**Directions for this task**
Each line below that includes the word "Stockfoto" is to be reported.

**Records shown**
━━━━━━━━━━
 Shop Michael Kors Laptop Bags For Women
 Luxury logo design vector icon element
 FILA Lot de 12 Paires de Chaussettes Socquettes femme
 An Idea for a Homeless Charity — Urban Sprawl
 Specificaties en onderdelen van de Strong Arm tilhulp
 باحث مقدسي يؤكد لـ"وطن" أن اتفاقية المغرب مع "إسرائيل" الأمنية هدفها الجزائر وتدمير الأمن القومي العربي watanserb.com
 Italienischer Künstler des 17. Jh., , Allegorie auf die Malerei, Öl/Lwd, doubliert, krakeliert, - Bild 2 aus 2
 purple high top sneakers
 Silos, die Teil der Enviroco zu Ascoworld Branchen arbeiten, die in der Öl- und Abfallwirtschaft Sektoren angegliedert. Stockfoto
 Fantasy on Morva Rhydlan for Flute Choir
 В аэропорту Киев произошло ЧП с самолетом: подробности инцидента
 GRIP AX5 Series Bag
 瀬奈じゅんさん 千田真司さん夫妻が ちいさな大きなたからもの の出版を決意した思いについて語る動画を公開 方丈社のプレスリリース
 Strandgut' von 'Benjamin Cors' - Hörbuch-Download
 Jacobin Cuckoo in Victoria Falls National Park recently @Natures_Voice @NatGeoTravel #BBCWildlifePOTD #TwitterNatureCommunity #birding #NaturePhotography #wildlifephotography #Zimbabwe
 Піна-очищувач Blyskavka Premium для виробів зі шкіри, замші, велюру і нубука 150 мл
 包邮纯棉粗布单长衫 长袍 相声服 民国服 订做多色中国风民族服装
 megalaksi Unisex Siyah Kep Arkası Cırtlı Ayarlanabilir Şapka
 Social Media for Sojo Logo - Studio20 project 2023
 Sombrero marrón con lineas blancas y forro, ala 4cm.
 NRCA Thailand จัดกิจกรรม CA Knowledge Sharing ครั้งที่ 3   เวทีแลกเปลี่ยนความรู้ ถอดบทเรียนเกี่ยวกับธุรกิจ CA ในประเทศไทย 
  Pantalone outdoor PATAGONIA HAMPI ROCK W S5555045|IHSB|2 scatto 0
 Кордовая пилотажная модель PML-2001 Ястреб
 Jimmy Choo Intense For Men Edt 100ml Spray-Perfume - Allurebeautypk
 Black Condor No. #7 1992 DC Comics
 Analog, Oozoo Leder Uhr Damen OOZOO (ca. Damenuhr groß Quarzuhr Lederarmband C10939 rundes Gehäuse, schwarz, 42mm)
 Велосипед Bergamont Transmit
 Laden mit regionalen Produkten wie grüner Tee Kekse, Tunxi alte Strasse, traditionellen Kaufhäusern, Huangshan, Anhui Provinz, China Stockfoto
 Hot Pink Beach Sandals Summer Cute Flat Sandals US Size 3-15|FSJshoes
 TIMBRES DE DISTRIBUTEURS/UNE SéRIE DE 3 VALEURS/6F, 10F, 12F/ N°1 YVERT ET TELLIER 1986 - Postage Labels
━━━━━━━━━━
**Written response**
 Silos, die Teil der Enviroco zu Ascoworld Branchen arbeiten, die in der Öl- und Abfallwirtschaft Sektoren angegliedert. Stockfoto
 Laden mit regionalen Produkten wie grüner Tee Kekse, Tunxi alte Strasse, traditionellen Kaufhäusern, Huangshan, Anhui Provinz, China Stockfoto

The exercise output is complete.